Ein weiteres Thema von Überangepassten ist ihre geringe Trennungskompetenz, die aus ihren schlechten Abgrenzungsfähigkeiten resultiert. Zumeist hat auch keine angemessene Lösung vom Elternhaus stattgefunden. Viele sind verstrickt mit den Erwartungen und Bedürfnissen ihrer Eltern. Unter dem Abschnitt »Festhalten am geringen Selbstwert« habe ich bereits erklärt, wodurch diese Loyalitätskonflikte zustande kommen können. Häufig hilft die Erkenntnis allein, um einen Loyalitätskonflikt zu lösen, aber auch die Übungen, die ich im nächsten Abschnitt vorstelle.

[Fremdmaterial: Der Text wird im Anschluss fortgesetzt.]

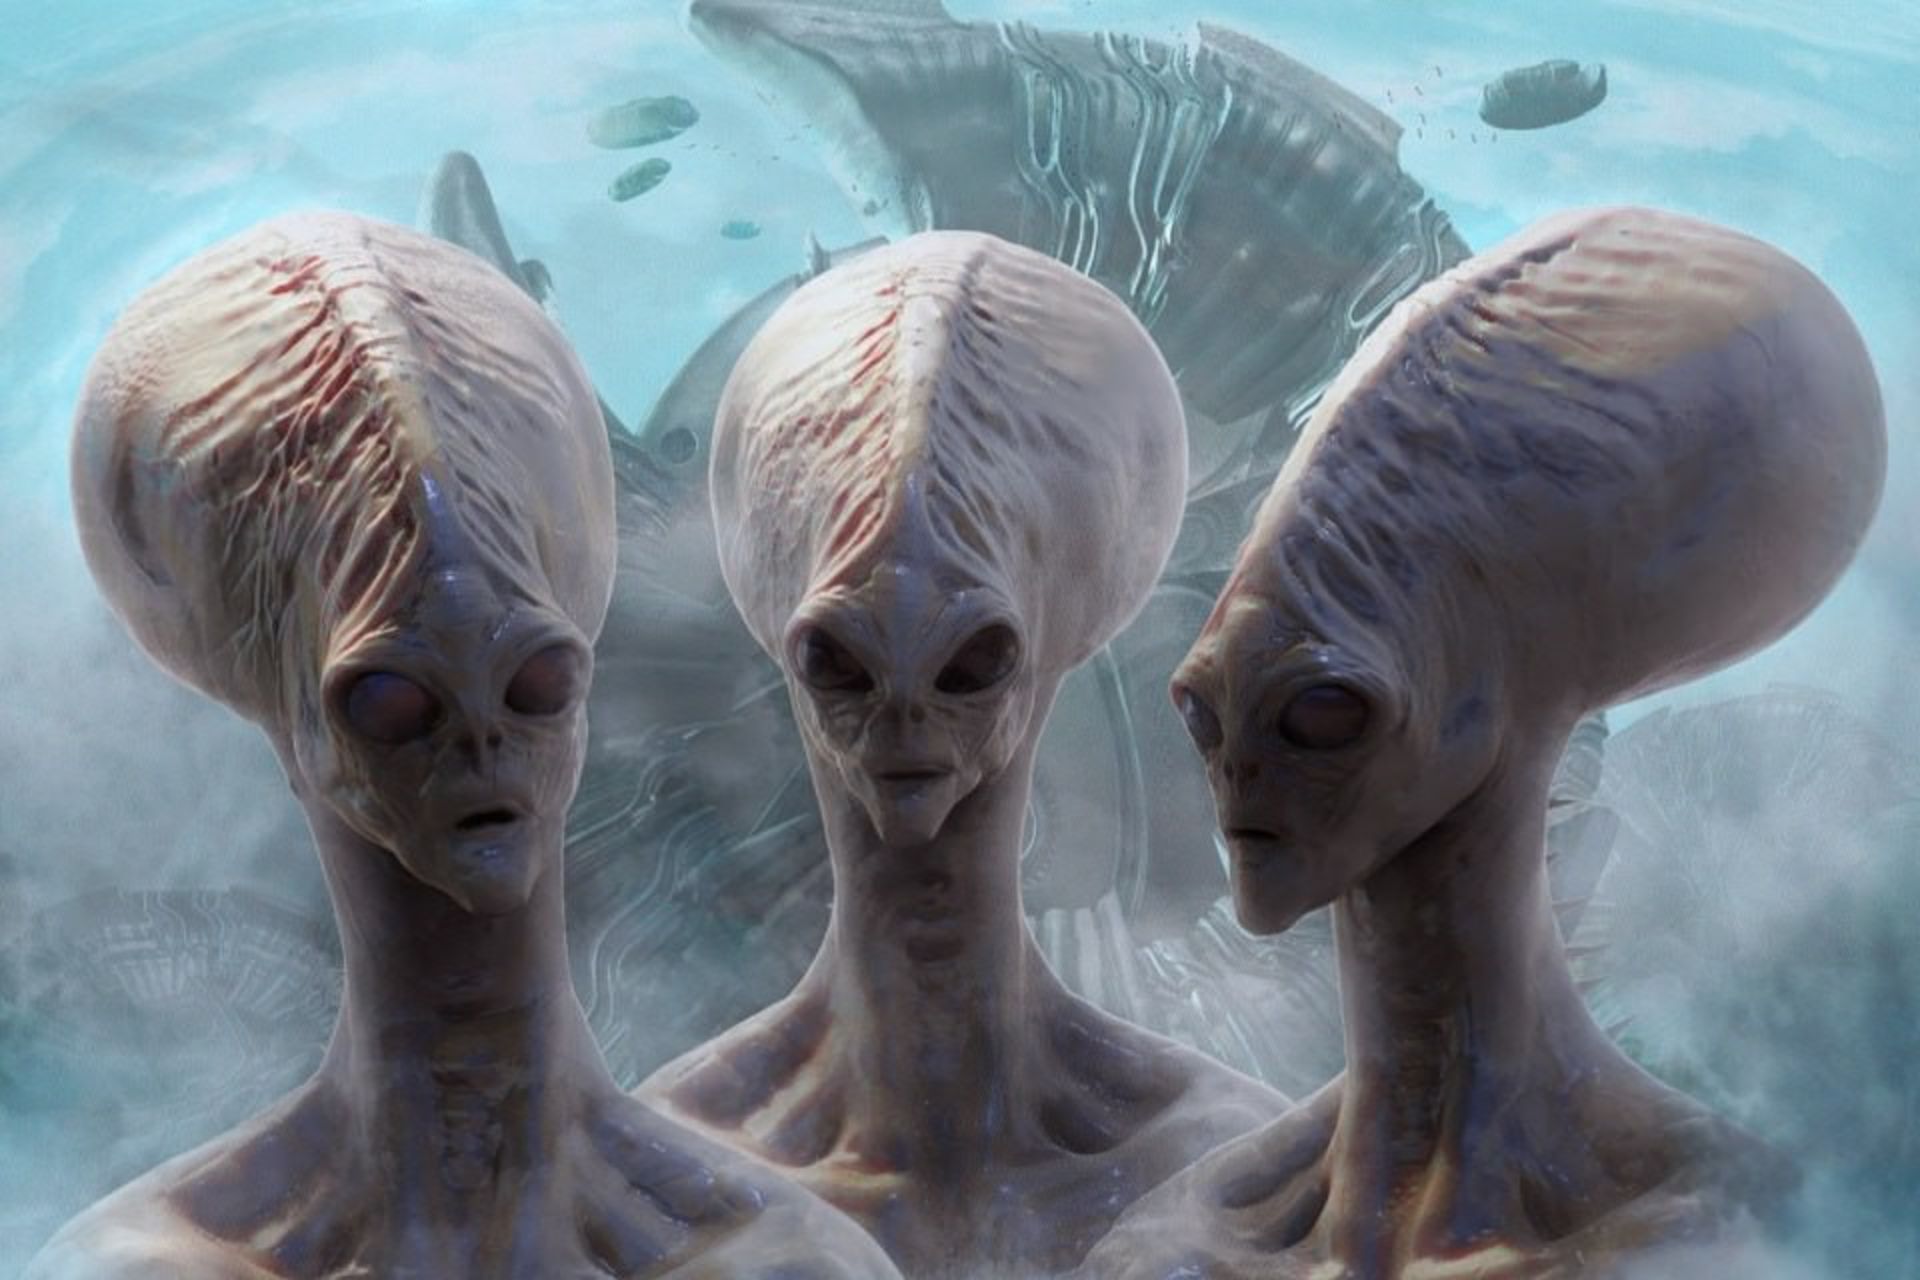 موجودات فرازمینی / aliens
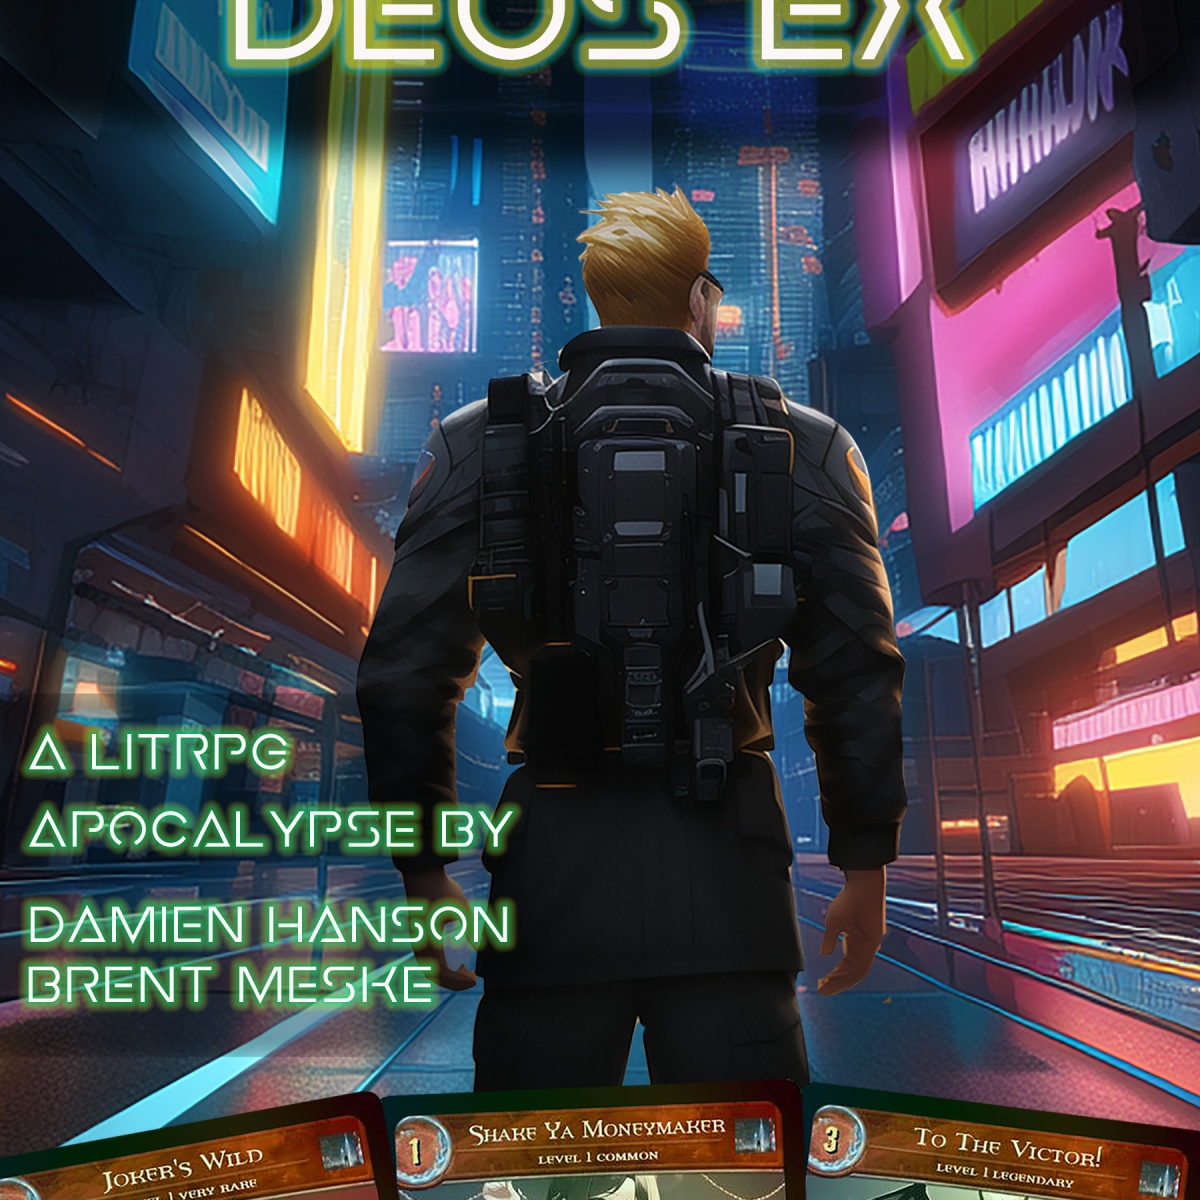 Ascension: Deus Ex

Nicht selten kommen Menschen zu mir, die es nicht schaffen, sich aus einer ungesunden Liebesbeziehung zu lösen. Die Mechanismen des gespiegelten Selbstwertempfindens, die unermüdliche Hoffnung auf ein Happy End und tief sitzende Verlassenheitsängste behindern ihren Weg in die Freiheit. Entsprechend helfen die oben beschriebenen Maßnahmen: Die Betroffenen benötigen Zugang zu angemessenen Gefühlen, wie Trennungsaggression. Ich helfe ihnen, eine realistische Sicht auf die Beziehung zu entwickeln. Sie lernen auch, die Überanpassung an die
Erwartungen des Partners, der Partnerin durch die Übernahme von Verantwortung für den eigenen Selbstwert und die Lebensgestaltung zu ersetzen.